Getting going: Day 1 on the Erie Canal

A gray, cloudy start to our trip punctuated by an ill-timed, flat tire is the only glitch in an otherwise delightful first day of 53 miles on our bikes. Our legs take us from the industrial debris and buildings in Buffalo to corn fields and apple orchards in Medina.

The Shoreline Trail in Buffalo takes us through many a blighted area that is bracketed by abandoned industrial buildings and expressways chock full of cars and trucks. It is little wonder that many bikers start this trip north of us where a more rural landscape predominates.  But for me I like the industrial nature of this start as it reminds me of how my father and grandfathers worked in the steel mills of Pittsburgh. 

We weave in and out of active roads and newly constructed bike trails with the edge of Lake Erie to our left. The water is moving quickly toward Niagara Falls, which is why the early Erie Canal was extended to Buffalo so barges would not have to fight the heady currents.  

The ride is easy and even with occasional rain showers, Ted and I are comfortable as we near the start of the Erie Canalway Trail in Tonawanda. 

Nearing the end of the Shoreline Trail we approach downtown Tonawanda spotting an abandoned trestle bridge to our left. The morning’s occasional rain increases in intensity. Time for rain gear.

But there is a problem: the beginning of the Erie Canalway Trail is blocked by construction and barriers. Not to be thwarted, we follow a well-worn path of others who, too, were looking to enter the trail at this point. With a slip or two along a muddy incline, we find our way onto the entry bridge and go forward.

Ironically to me the prior miles are more interesting than those we are traveling now. Abandoned power and fabrication facilities have given way to large expanses of lawns and simple houses. But soon these calling cards of suburbia give way to a more rural expanse of land and surroundings and a more interesting ride.

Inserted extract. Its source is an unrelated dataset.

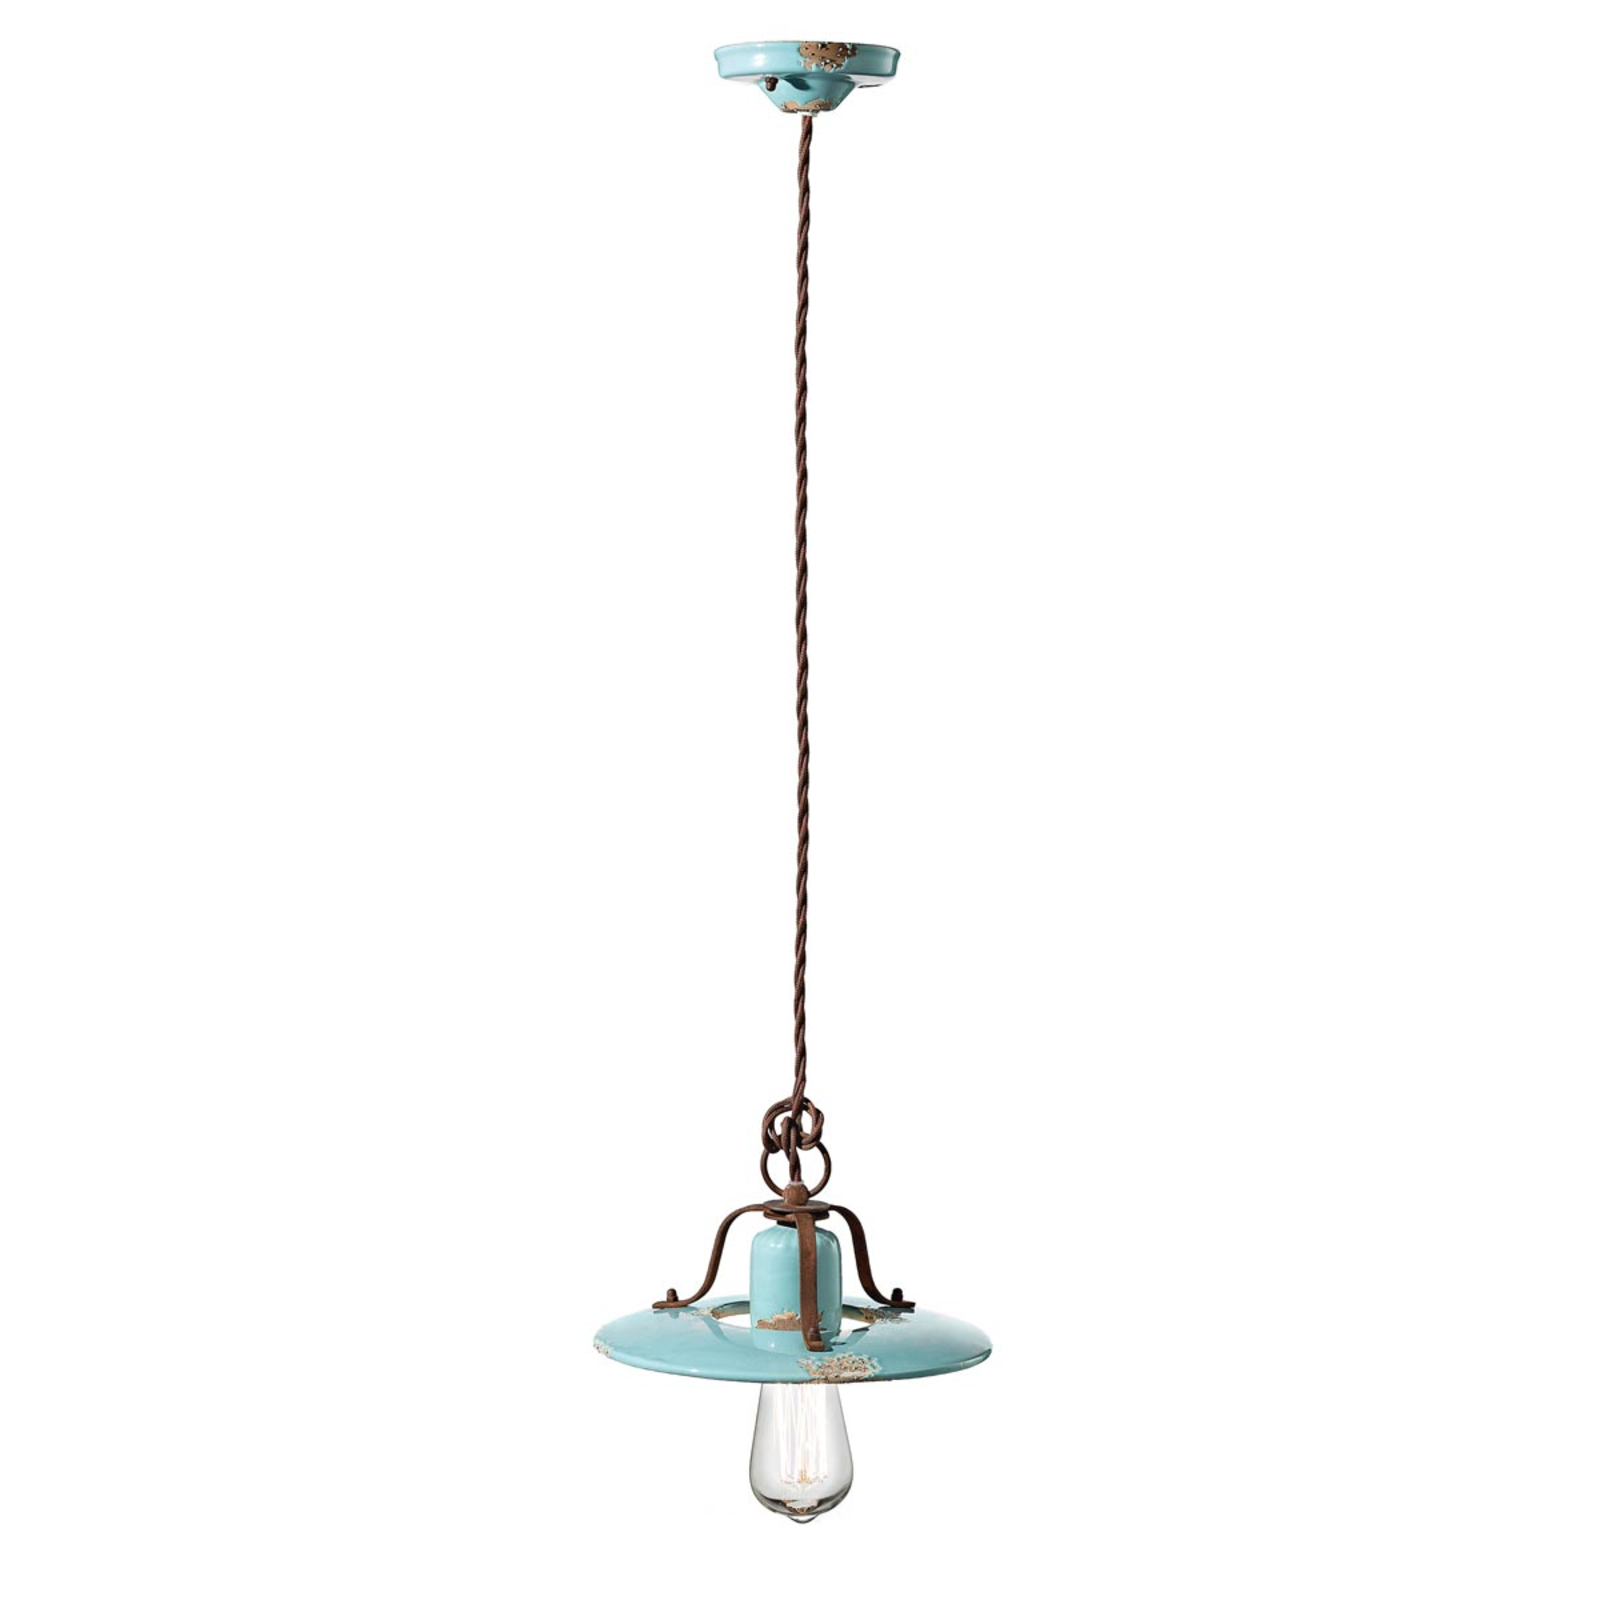 Vintage závěsná lampa Giorgia v tyrkysové barvě

The first hint of this is the sweetly sour scent of manure enhanced by the increasing humidity now that the rain has stopped and the day is heating up as the sun shines from up high. Turning a corner, a swarm of monarch butterflies give way to us. A snake slithers across the trail.

Birds increase in density with robins, warblers, red-winged blackbirds and finches flying from tree to tree looking for a meal. The canal’s water is a deep brown, unmoving in a lazy fashion. A few people are trying to catch a fish though we have not yet seen any successful attempts. 

We are now over 30 miles into our day and I am exhausted and hungry. We arrive into Lockport and a place for lunch. Lockport is unique as it was built with one set of five locks that raised and lowered boats on the canal. This impressive feat of engineering still stands today though the original five locks have been replaced with two for canal traffic.

Leaving Lockport, the trail transitions from asphalt to stone dust. We ride with care knowing that tumbles are easy to take as muddy spots can throw one’s balance easily. But Ted and I have good experience with this so we pedal without incident  toward our evening hotel.

The views have become more uniform with corn fields and apple orchards to our left and the canal to our right. We just notice that the canal is much higher than the lands to our left. That is one of the many likely reasons that lock gates are installed to control the flow of the river. They are impressively large structures.

The stone dust crunches under our tires as we keep a constant pace next to each other.  There are few bridges across the canal and most of those that exist are raised and lowered with hydraulics to let large boats pass through. Each town we pass has its own unique bridge and sign calling for a visit. 

But we do not stop. At this time of day Ted and I often speak little as we both continue at a steady speed. The only thing that slows us is the excessive number of Canadian geese that have taken up residence on the trail. Their blockage as well as abundant calling cards scattered about forces Ted and me to take evasive action more often than we would like breaking our pace.

The clouds in the distance are thickening, no doubt getting ready to dump more rain on us. The shadows are lengthening over the corn fields and in the distance, I can see the bridge that will take us to our hotel for the evening, a hot shower and a good meal.